Work item:
Print the records below exactly, from the line containing "Angry Birds Halloween" down to the line containing "Картаев Павел Старт", both lines included, and omit every picture.

Input:
=== Section Start ===

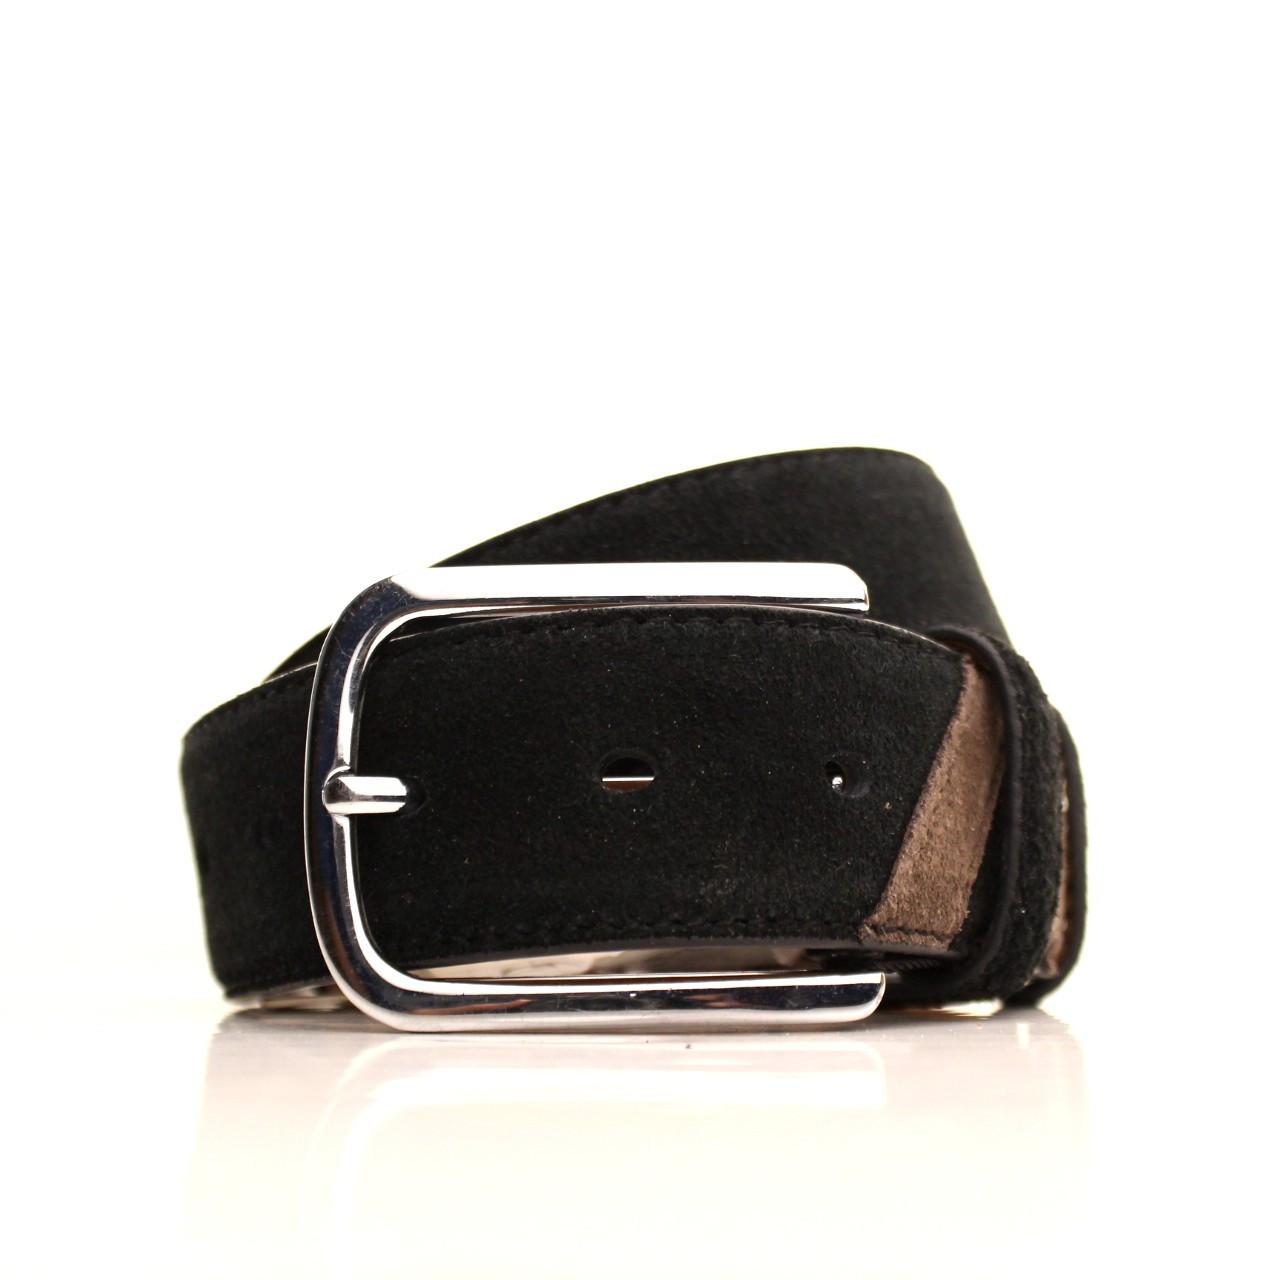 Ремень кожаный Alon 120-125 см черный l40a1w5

=== Section End ===
=== Section Start ===

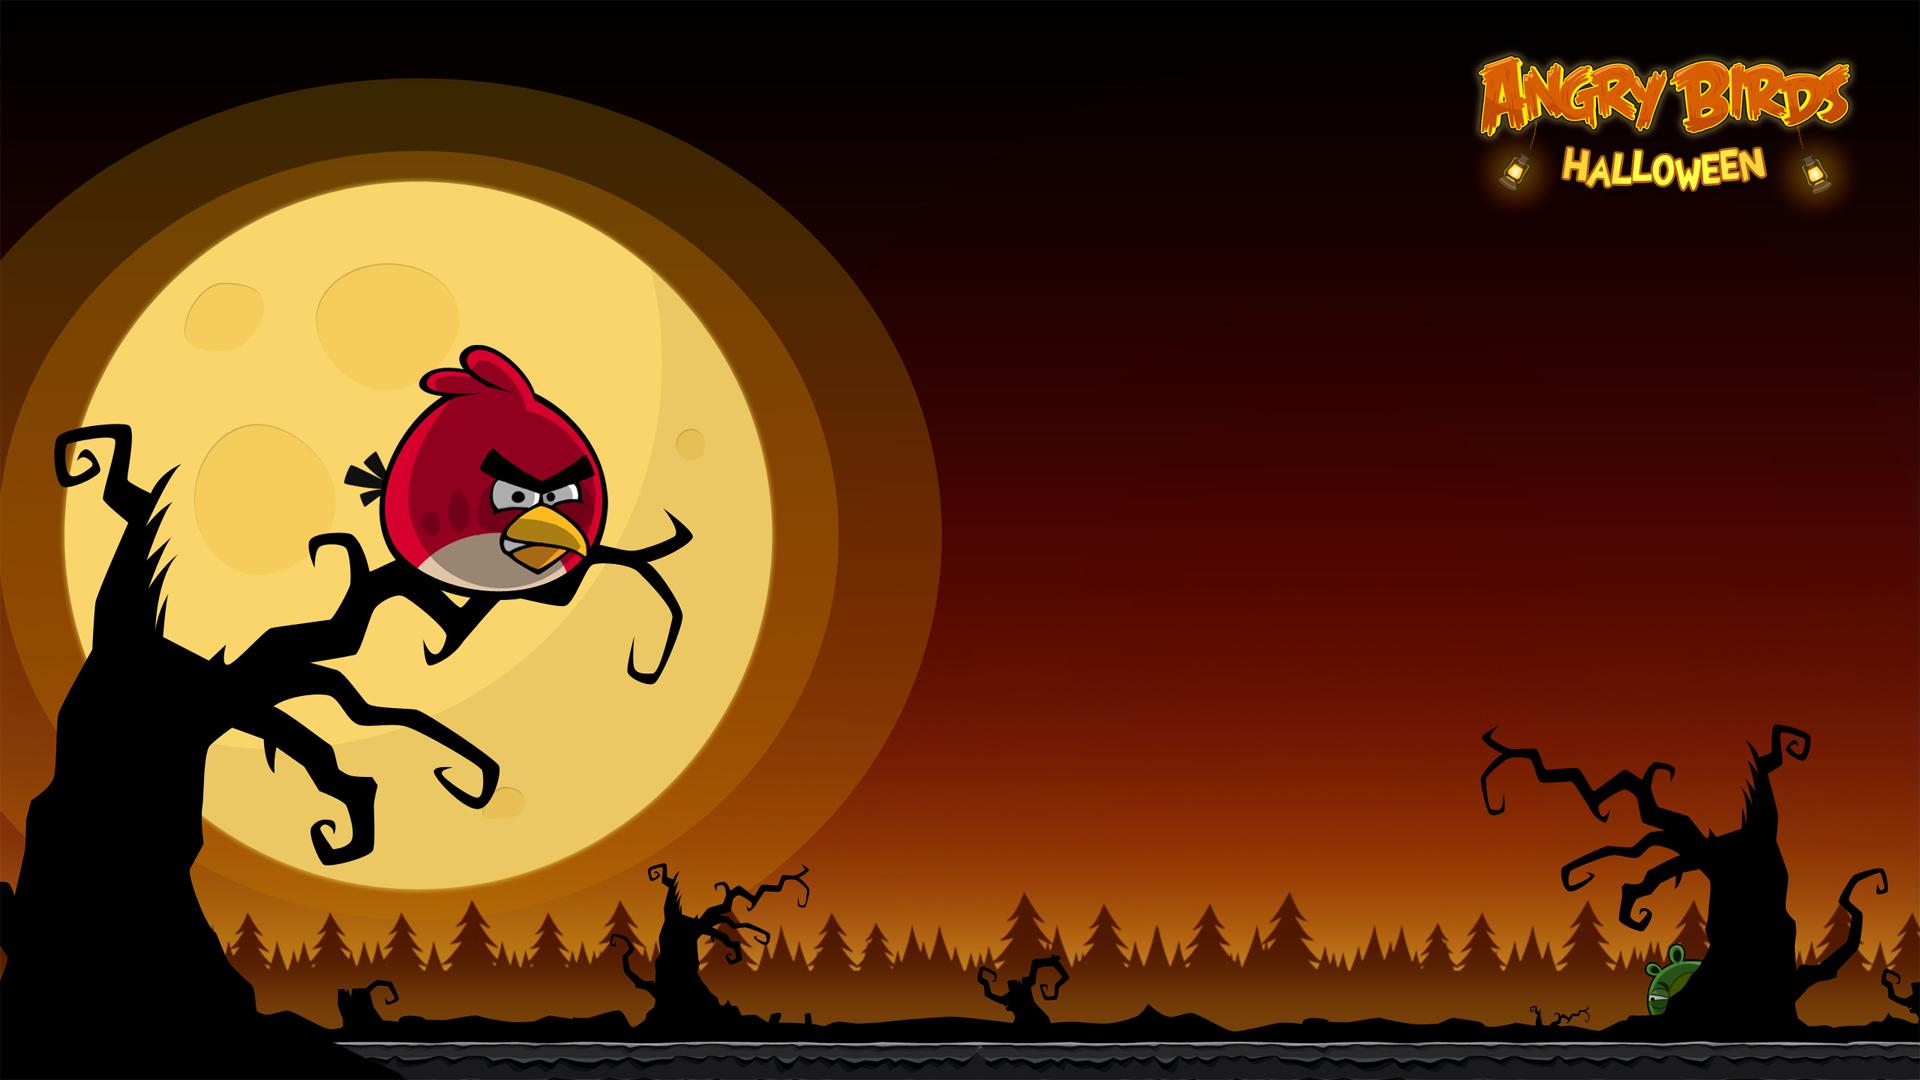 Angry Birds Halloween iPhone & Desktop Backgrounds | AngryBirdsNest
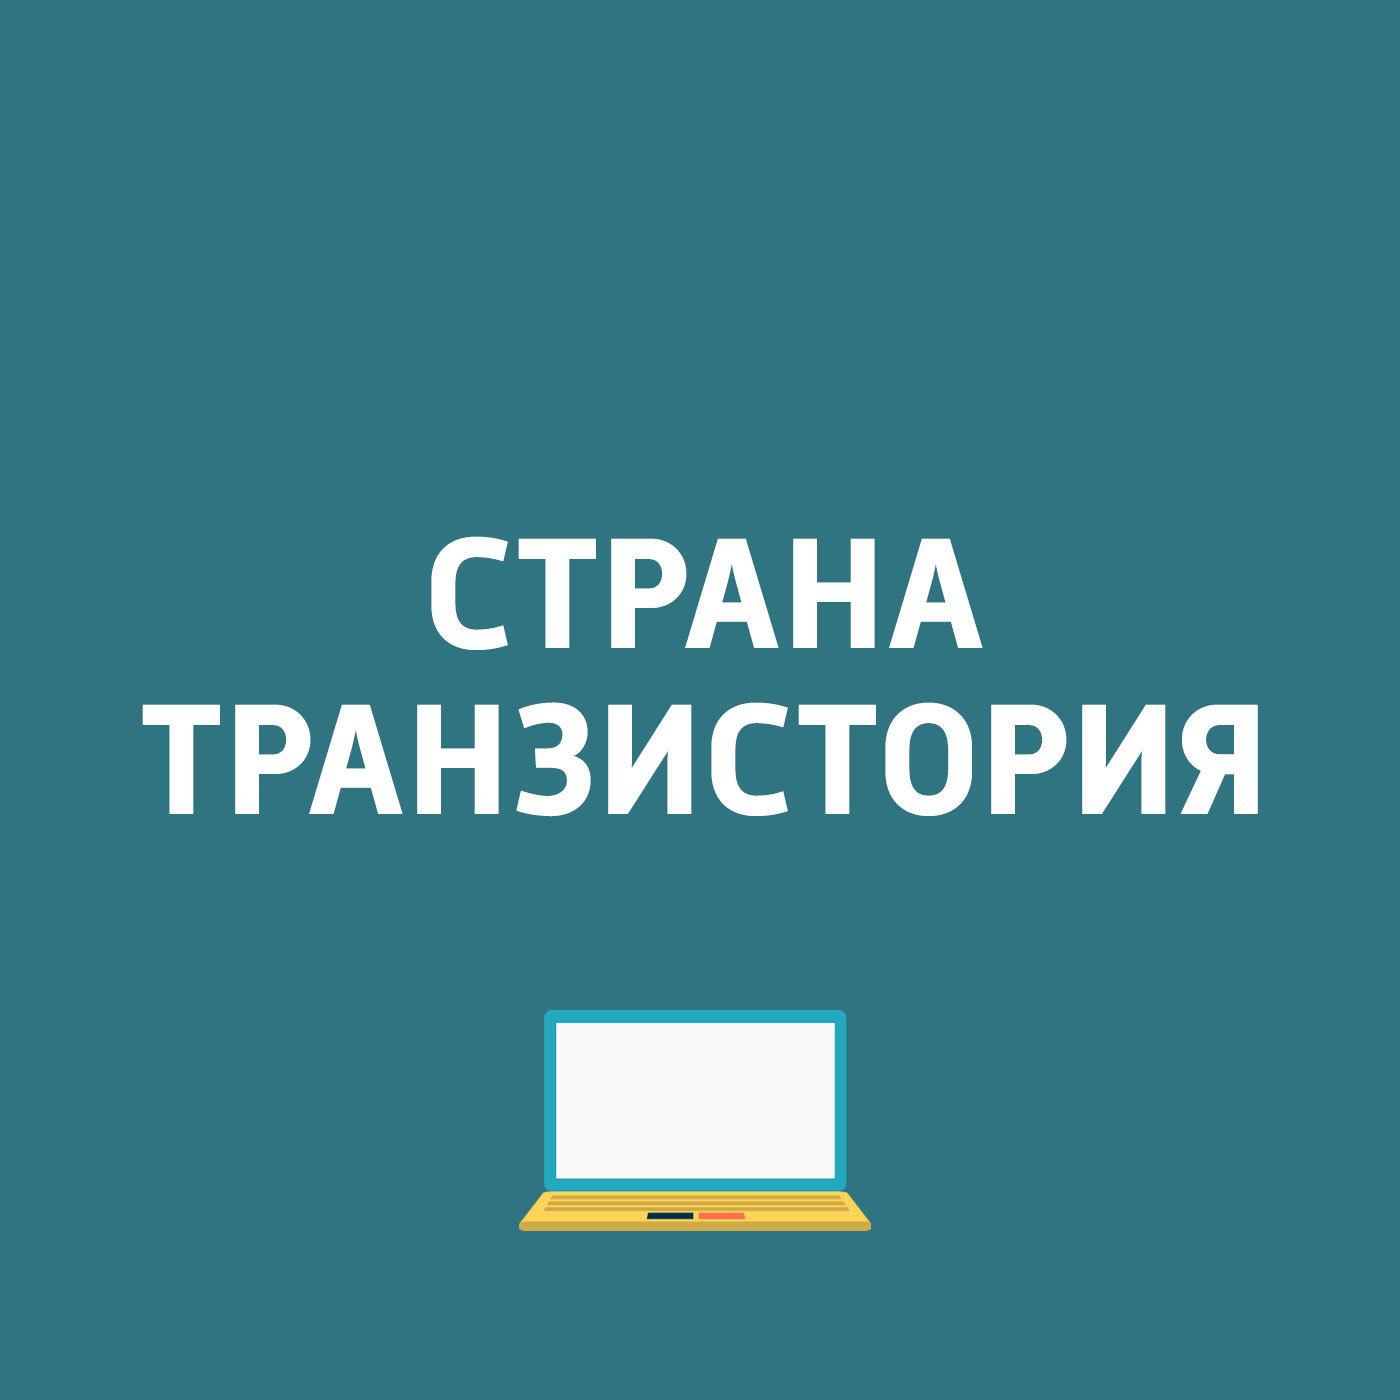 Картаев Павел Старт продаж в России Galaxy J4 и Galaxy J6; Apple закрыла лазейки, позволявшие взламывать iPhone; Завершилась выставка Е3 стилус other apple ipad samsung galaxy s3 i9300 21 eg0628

=== Section End ===
=== Section Start ===

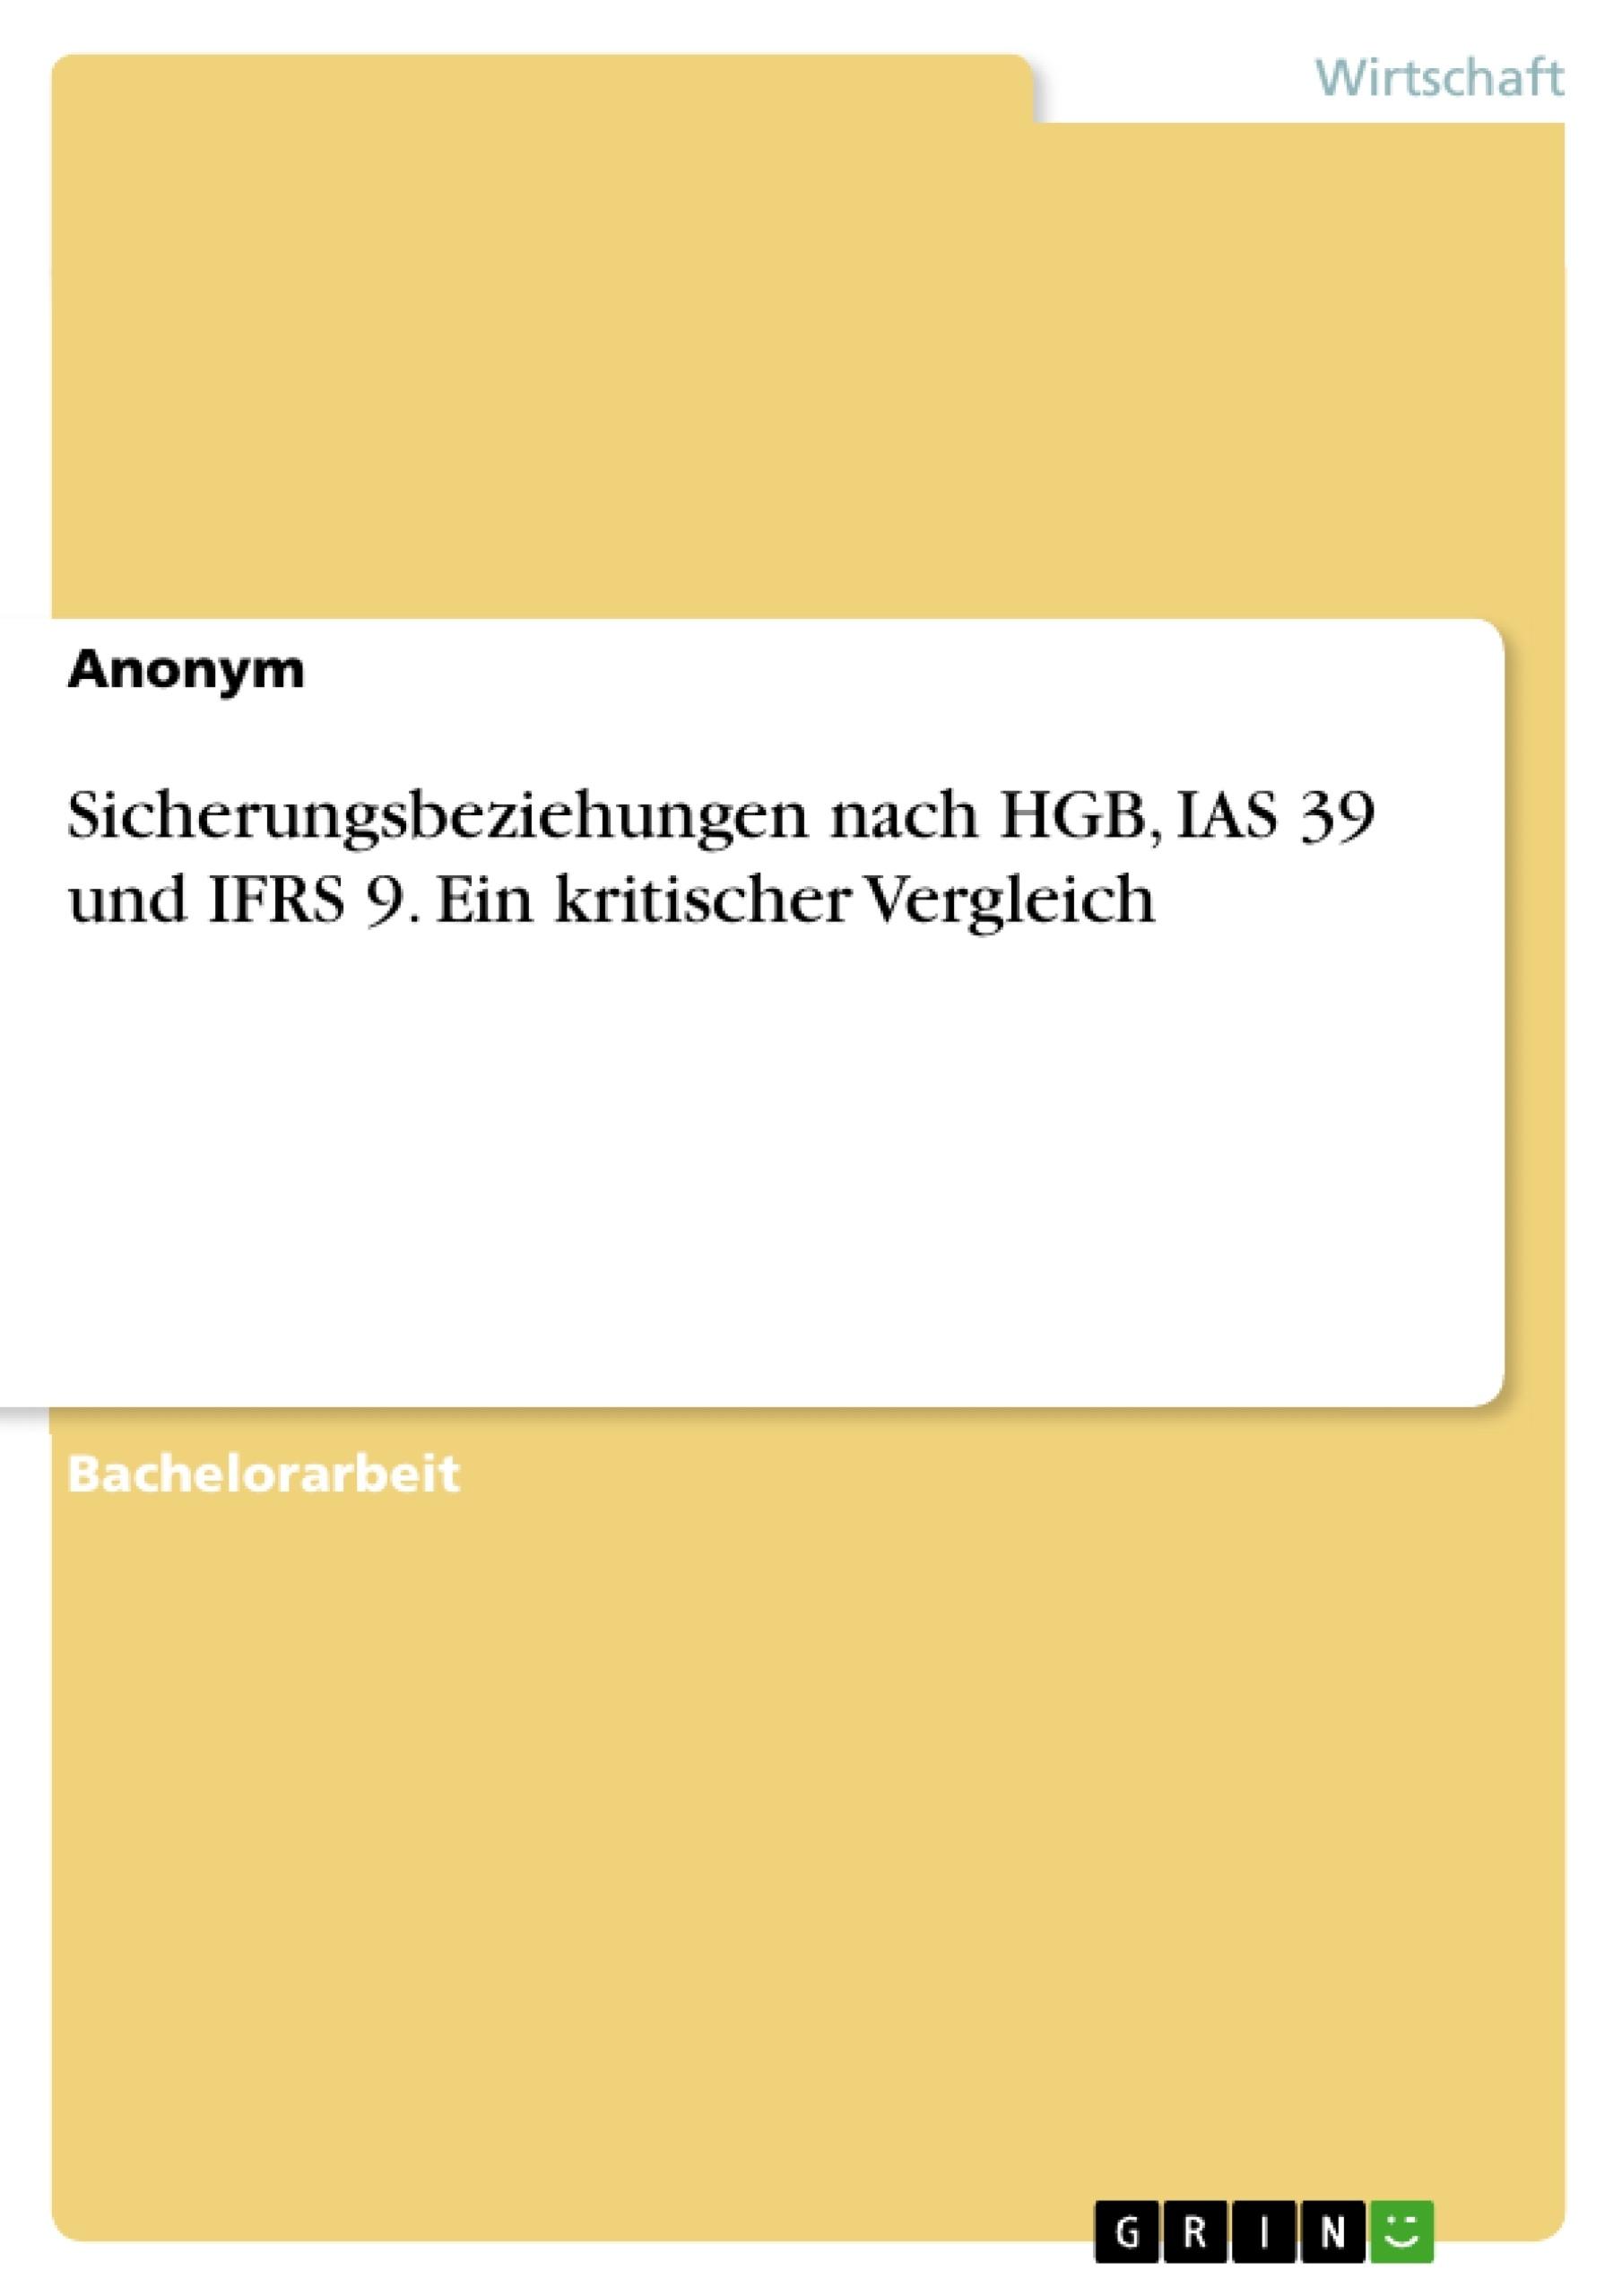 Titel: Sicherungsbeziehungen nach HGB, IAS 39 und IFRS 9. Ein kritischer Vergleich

=== Section End ===

Solution to the problem:
 Angry Birds Halloween iPhone & Desktop Backgrounds | AngryBirdsNest
 Картаев Павел Старт продаж в России Galaxy J4 и Galaxy J6; Apple закрыла лазейки, позволявшие взламывать iPhone; Завершилась выставка Е3 стилус other apple ipad samsung galaxy s3 i9300 21 eg0628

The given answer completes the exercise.